Ethanol-induced Ascorbic Acid Release Research Articles

Ethanol Similarly Induces Ascorbic Acid Release in the Prefrontal Cortex and Striatum of Freely Moving Mice

Previous studies have shown that acute systemic administration of ethanol induced striatal ascorbic acid (AA) release in mice and rats. Undercutting the prefrontal cortex completely eliminated ethanol-induced AA release in rat striatum. In the present study, in vivo brain dialysis coupled with high performance liquid chromatography (HPLC)-electrochemical detection was used to evaluate the effect of ethanol on the release of AA in the prefrontal cortex, compared to that in the striatum of freely moving mice. The results showed that ethanol (4.0 g/kg i.p.) similarly induced AA release in the prefrontal cortex and striatum of freely moving mice.
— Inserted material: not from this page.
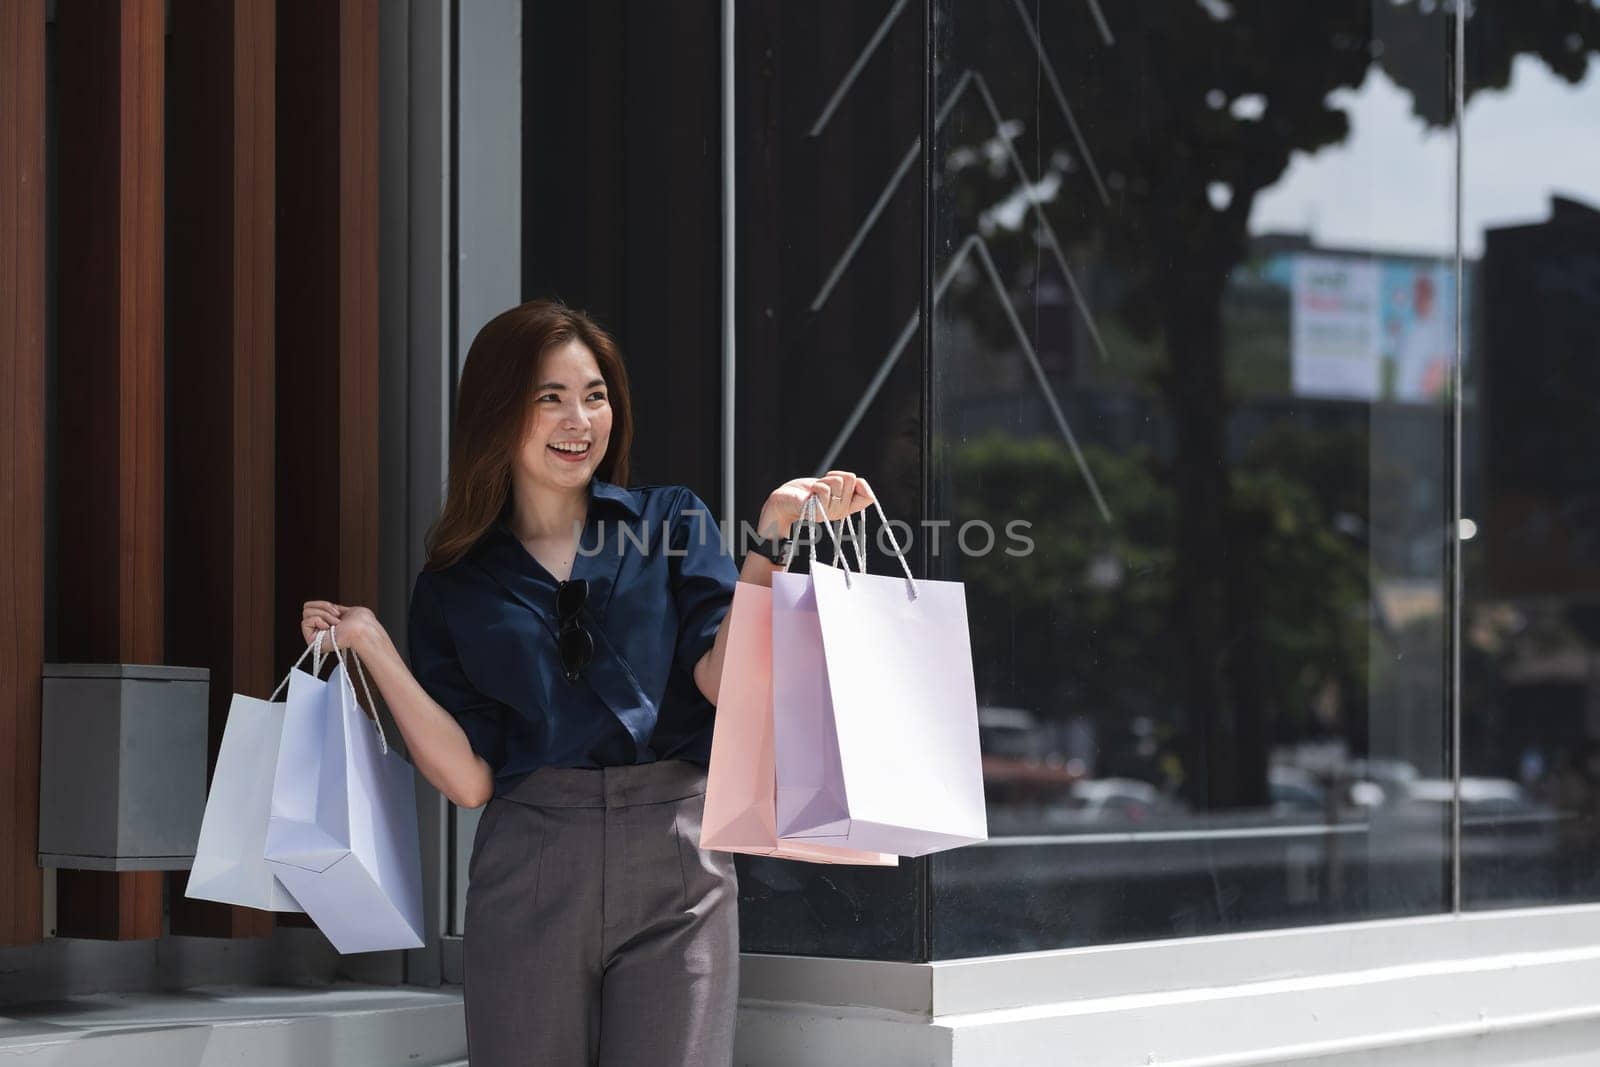 A woman is holding two shopping bags and smiling.

Differential effects of clozapine on ethanol-induced ascorbic acid release in mouse and rat striatum

Previous studies have shown that acute systemic administration of ethanol-induced striatal ascorbic acid (AA) release in mice and rats. In the present study, in vivo brain microdialysis coupled with high performance liquid chromatography (HPLC) with electrochemical detection (ECD) was used to comparatively evaluate the effects of clozapine on ethanol-induced AA release in mouse and rat striatum. The results showed that clozapine, at the dose of 15 mg/kg i.p., had no effect on basal AA or ethanol-induced AA release in rat striatum. The potentiating effect of clozapine on ethanol-induced striatal AA release was still observed in rats, at the higher dose of 30 mg/kg. In contrast, clozapine significantly inhibited ethanol-induced AA release in mouse striatum, at the dose of 15 and 30 mg/kg, without affecting basal AA release. The present study suggested that clozapine differentially regulated ethanol-induced AA release in the mouse and rat striatum.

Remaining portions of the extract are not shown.